To investigate the protective potential of Esculentoside A (EsA) against oxidative stress and neuronal apoptosis following spinal cord injury (SCI) and to elucidate the associated molecular mechanisms.
Approach:
Animal Model: SCI was modeled in rats via contusion using the PSI-IH 0400 Striker impactor.
Treatment: Rats were treated intraperitoneally with 10 mg/kg EsA once daily.
Assessment Methods: Motor function was evaluated using the BBB scale, grid walk analysis, and footprint test. Histopathological alterations were examined by HE, LFB, and Nissl staining.
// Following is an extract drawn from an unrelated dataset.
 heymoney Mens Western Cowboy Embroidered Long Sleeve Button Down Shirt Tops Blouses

Biomarker Analysis: Oxidative stress markers and antioxidant enzymes were quantified in spinal cord homogenates using commercial assay kits.
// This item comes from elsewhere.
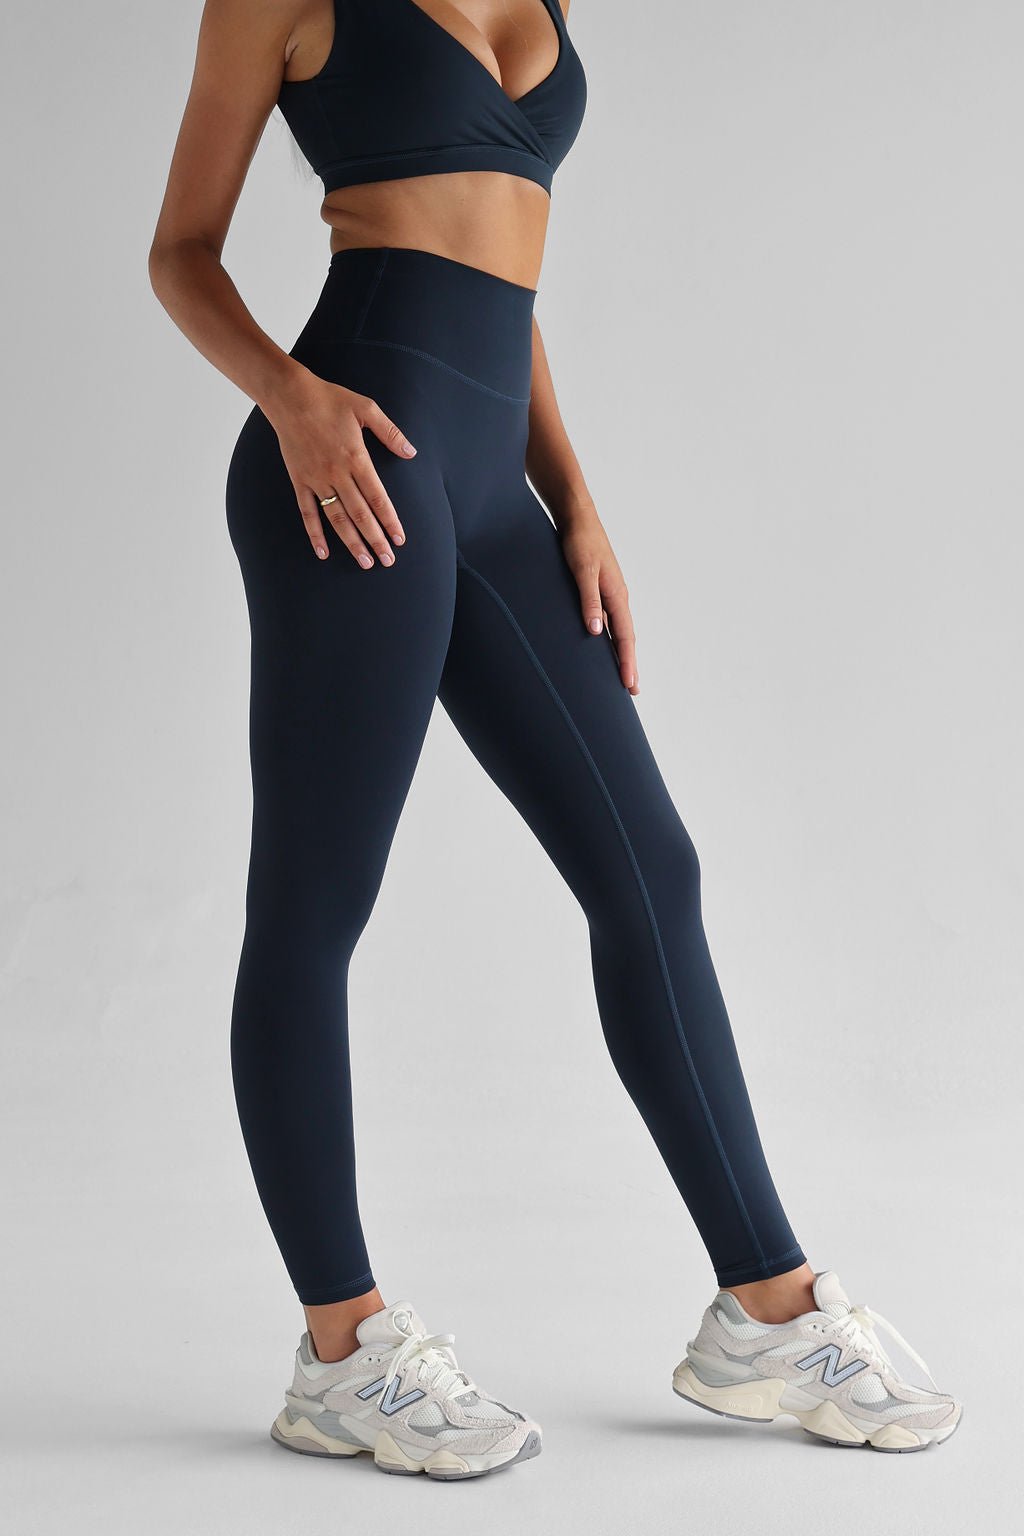 Best Leggings Ever :: Sloan Leggings in Double Brushed Poly - A

Mechanistic Studies: Western blot, immunofluorescence staining, and molecular docking were employed to investigate underlying mechanisms.
Key Findings:
EsA significantly improved motor function and reduced histopathological damage in SCI rats.
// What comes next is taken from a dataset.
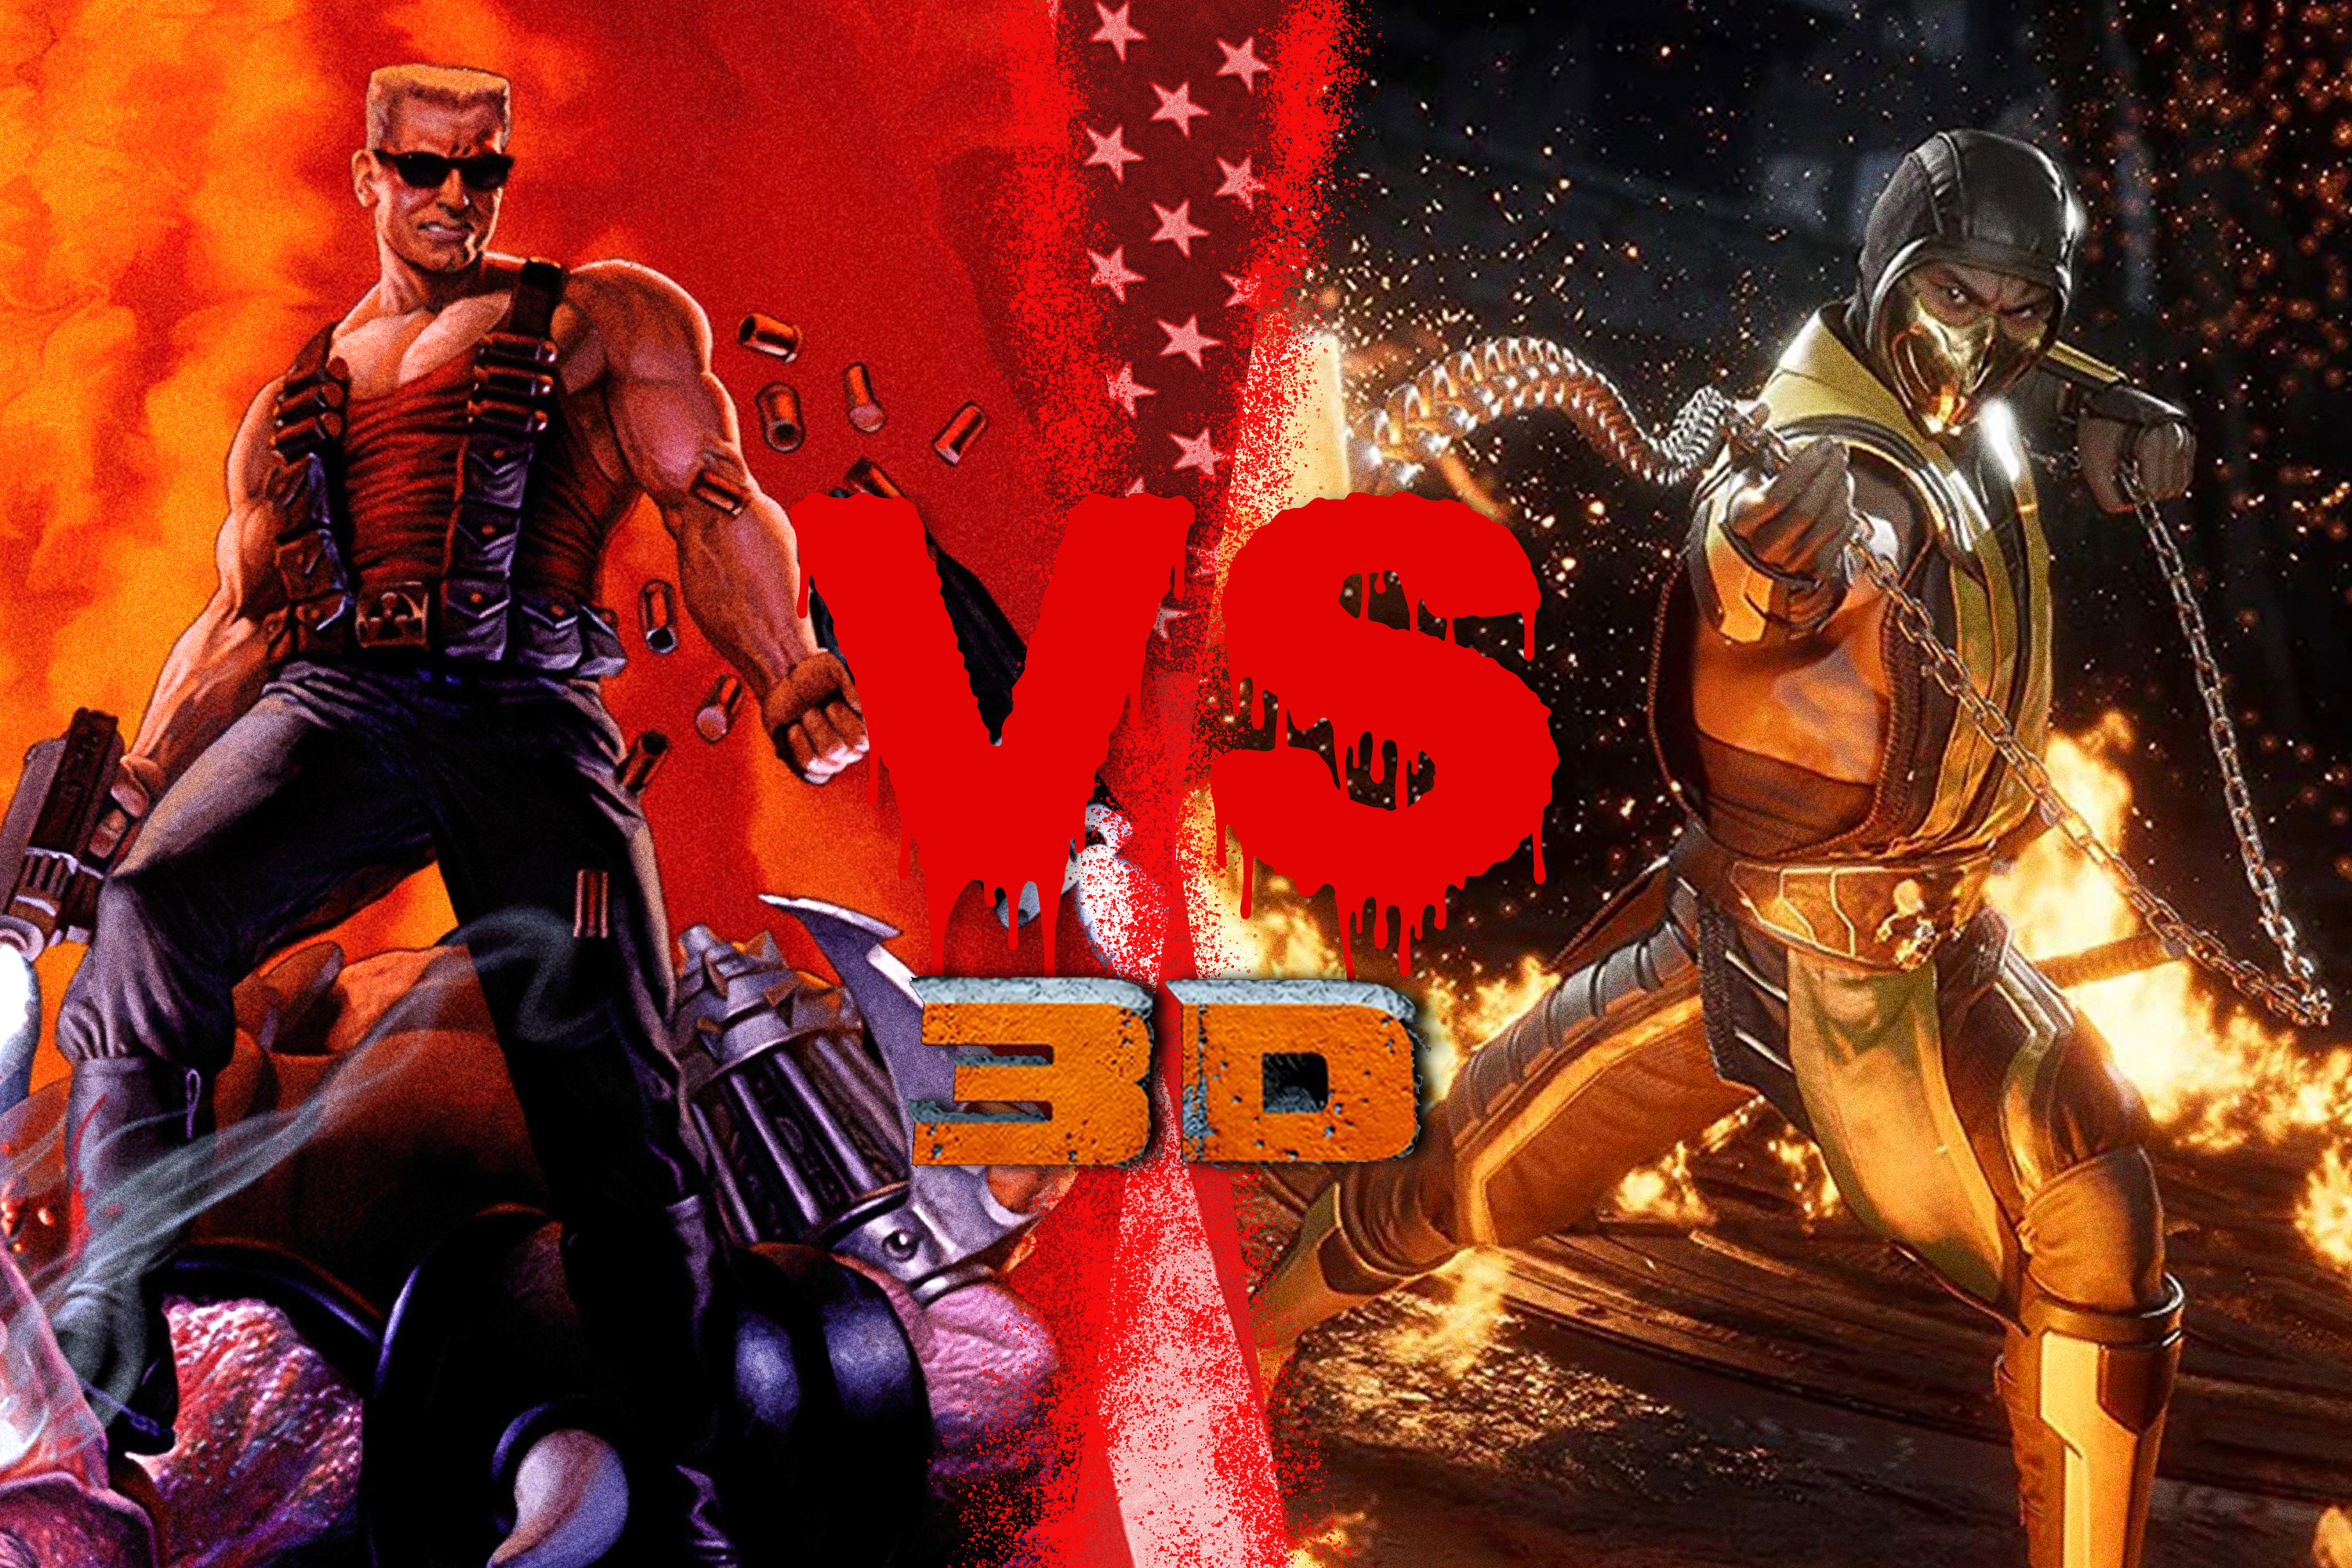 Images of Duke Nukem and Scorpion (from Mortal Kombat) looking totally bad-ass

EsA treatment resulted in significant improvements in oxidative stress biomarkers, including hydrogen peroxide and malondialdehyde, and reduced neuronal apoptosis.
Activation of the Nrf2/HO-1 pathway was associated with the neuroprotective effects of EsA.
Interpretation:
EsA exerts a neuroprotective effect against SCI by modulating oxidative stress and neuronal apoptosis, partially through activation of the Nrf2/HO-1 pathway.
Limitations:
The study was conducted in a rat model, which may limit the generalizability of the findings to humans.
Further studies are needed to fully elucidate the molecular mechanisms involved.
Conclusion:
EsA reduces oxidative stress and neuronal apoptosis in spinal cord injury.